Anyway, I was thankful when ‘The Rhodesian Armed Forces’ were called and I could get rid of the damned thing. As I bent down to place it on the monument, what I had feared most happened. I burst into tears! With a row of medals on my chest that must have looked weird but I couldn’t help it and was not sorry about it.

Anyway, it was all a great success and I have been invited back next year so that is nice. I will make sure my wreath is intact this time and look at it carefully beforehand to see just how it is all put together.

A day later and it is a solemn day for all former Rhodesians, even those like me who refer to ourselves as Zimbabweans. Fifty-four years ago today, Ian Douglas Smith declared our little country unilaterally independent from Britain. It was a momentous occasion and although the consequences were to be severe, we were all very proud of Smithy.

Most of the outside world condemned UDI and imposed sanctions on Rhodesia, but that merely ensured that our resourceful citizens learned how to make everything for themselves rather than import goods from other countries. British politicians cursed and swore, but we became ever more self-sufficient. Blacks and whites worked together in the cause of survival and when the guerrilla war – no damn it; it was a terrorist war – started, our security forces were very much in control of the situation.
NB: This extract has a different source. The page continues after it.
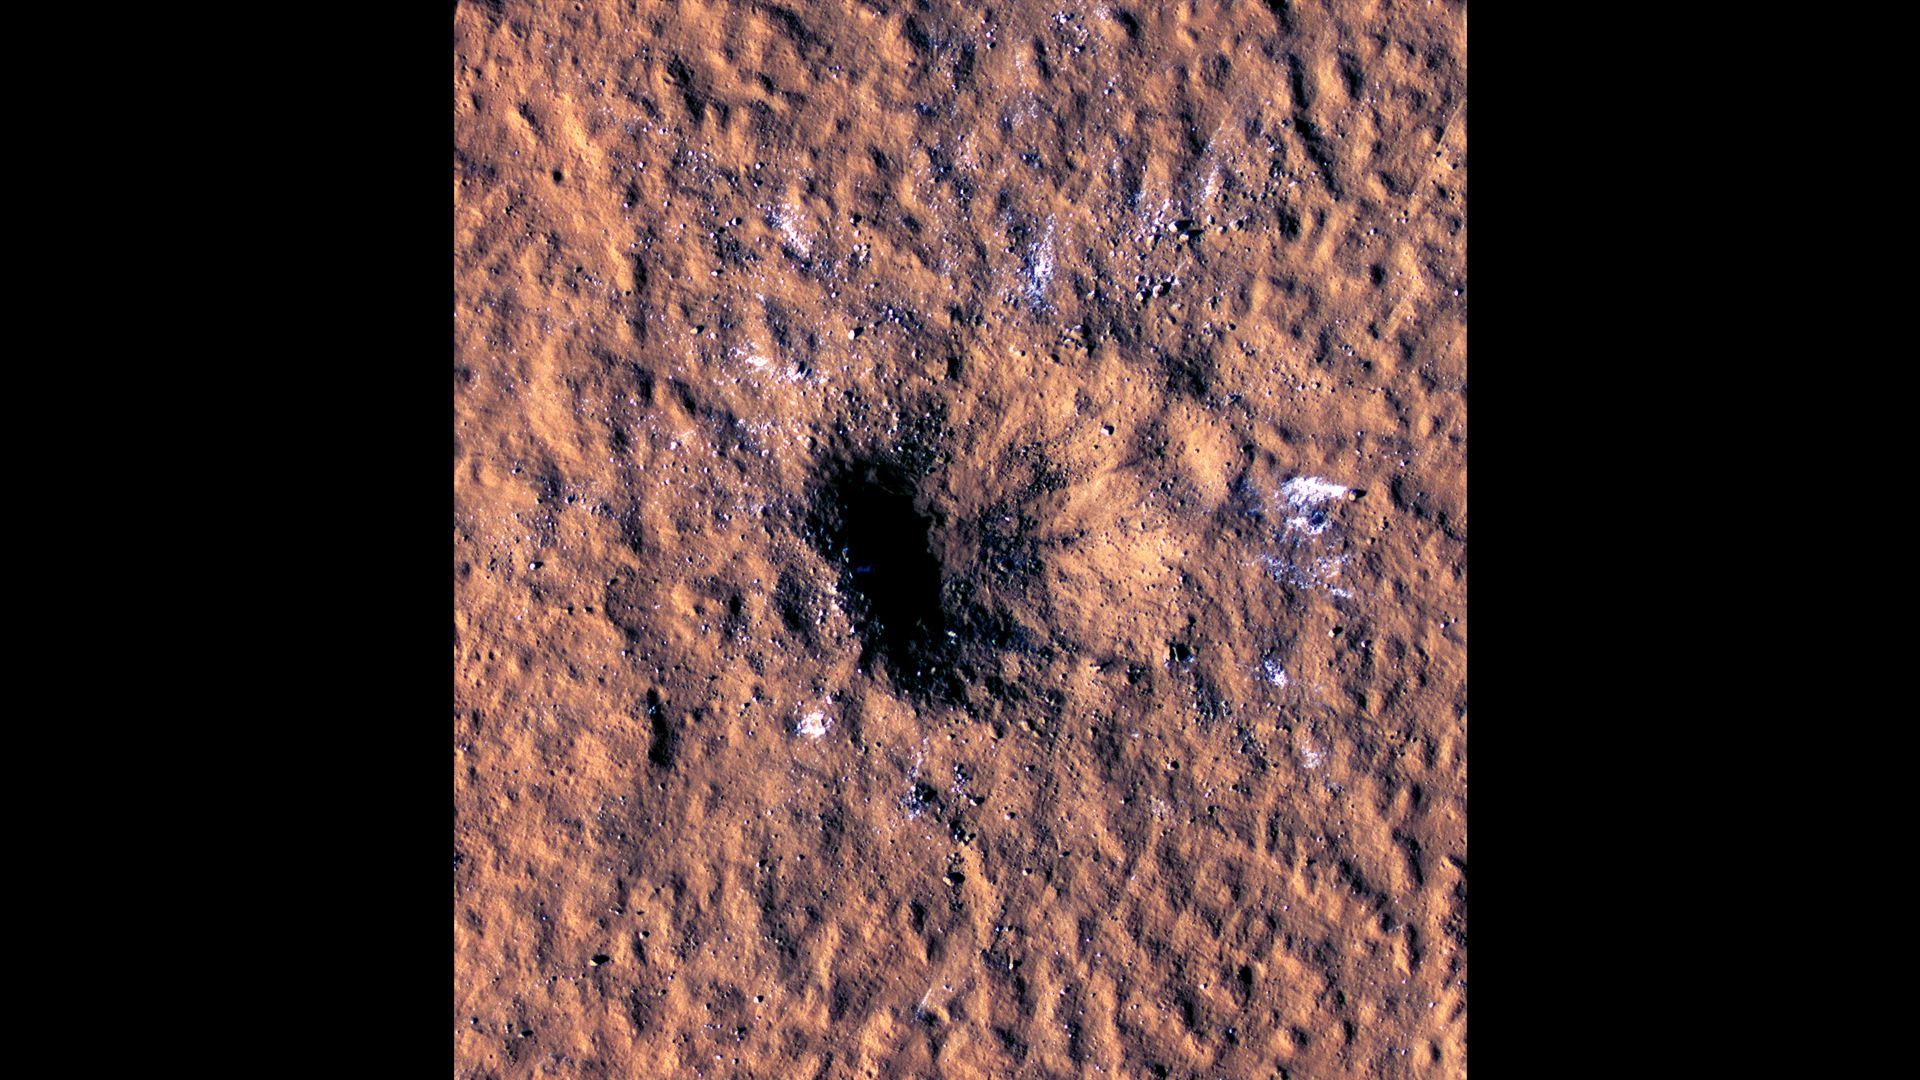 White chunks of ice stand out on the red sands of Mars surrounding this fresh impact crater.

Then Russia and China took a hand and gradually the tide turned. The weight of numbers against us increased and gradually, Smith and his Ministers were forced to negotiate conditions for peace. It was a peace that still has not come to Zimbabwe even though the Western world promptly washed their hands of my country.

Many people in Britain have told me that they looked upon that horrible little war as a conflict between black and white, but that just was not the case. The majority of casualties on our side were black and they included the military and innocent civilians. My Support Unit Company for instance consisted of a hundred and twenty black men and at the most, six whites. Is that racist? I don’t think so and I loved those black men like the brothers I never had. Yes I was in command, but they were all ‘my men’ and I was proud of them.

With the benefit of hindsight, UDI was a decision that led to enormous loss of life but Smith was an honest man and a born leader. Unlike the political leaders of today, he did not travel in convoy and he was readily approachable. He certainly was not as bright as many of his political opponents in the Western World but I and the majority of Rhodesians would have followed him in any circumstances. He had the charisma that rarely exists in the modern political classes.

It is all history now and cannot be changed but after my sad euphoria (does that make sense?) of yesterday, today will be a day of solemn reflection and remembering the Rhodesians who died for my little country.

I will raise a glass or three to them all this evening and can only pray that British politicians and the British Legion will see sense next year and I will not be the only former Rhodesian allowed to lay a wreath for the fallen in an official parade.

I have often heard it said that politics should not interfere with sport and it is so but above all, politics should not interfere with a proud nation’s wish to honour their dead. Yet it still does and that just cannot be justified.

I used to wear a tee shirt proclaiming that I was ‘proud to be a Rhodesian.’ Incredibly that was almost forty years ago but the sentiment still holds good.

I am incredibly proud of my tormented little country.